When Doug arrived in Victoria in August 1974, after five years in Europe, he had only a formal grade 10 education. He was 33. Doug discovered that the University of Victoria had a Mature Student Programme for anyone over 23 years of age. He took the two hour exam and enrolled in the Creative Writing Department, chaired by Robin Skelton.  After 18 months he received his B.A. in Creative Writing, First Class with Distinction, and won the Petch Memorial Award. 

Doug received a Social Sciences and Humanities Research Council Doctoral Fellowship, two Ontario Graduate Scholarships and a Secretary of State Language Bursary to attend York University in Toronto, where, nine months later, he graduated with a Masters Degree in English. Soon after, he won a Canada Council Award to work on a new book of poems set on the West Coast and he returned to Victoria.

In 1976-77, Doug worked with the four Saanich Tribes, writing and editing a monthly newsletter.  He taught in the UVic Department of English from 1981-2006.  In his retirement he earned a MTS (Master of Theological Studies) from Saint Bede’s Anglican Catholic Theological College.

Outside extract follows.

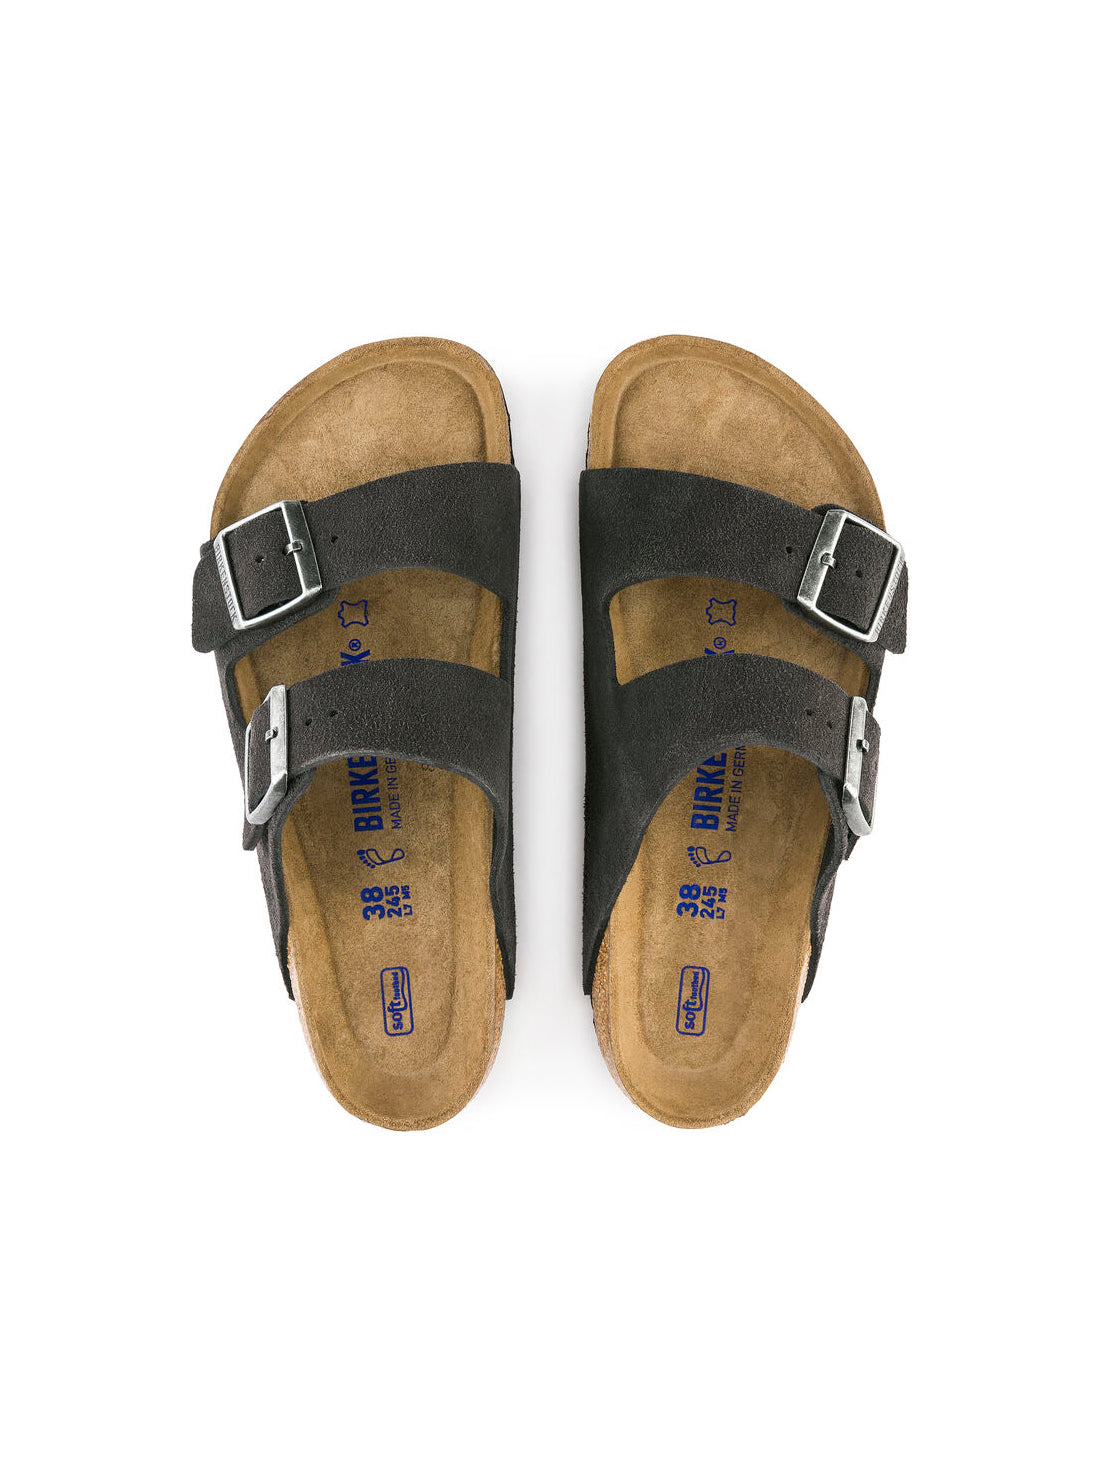 birkenstock arizona soft footbed sandal in suede leather velvet gray regular

Doug has published 14 books of poetry and prose, and had work appear in periodicals in Canada, the U.S., England and India.  His work has been described as a place where “history and myth fuse with the present” and “contemplative poetry at its finest… a poetry that celebrates the mystery, in human terms.” He has written over 250 book reviews and given over 130 readings. In 2016 he won a BC Arts Council Award to write a prose memoir of the nine mentors who have most influenced his writing life. He has been nominated for the BC Book Prize for Poetry, and had trees planted in Israel on two occasions in recognition of his services to Holocaust remembrance. He is a member of the Thomas Merton Society of Canada and has done volunteer work for Literacy Victoria and Together Against Poverty Society (TAPS). All Doug’s papers are now at the UVic library in Special Collections.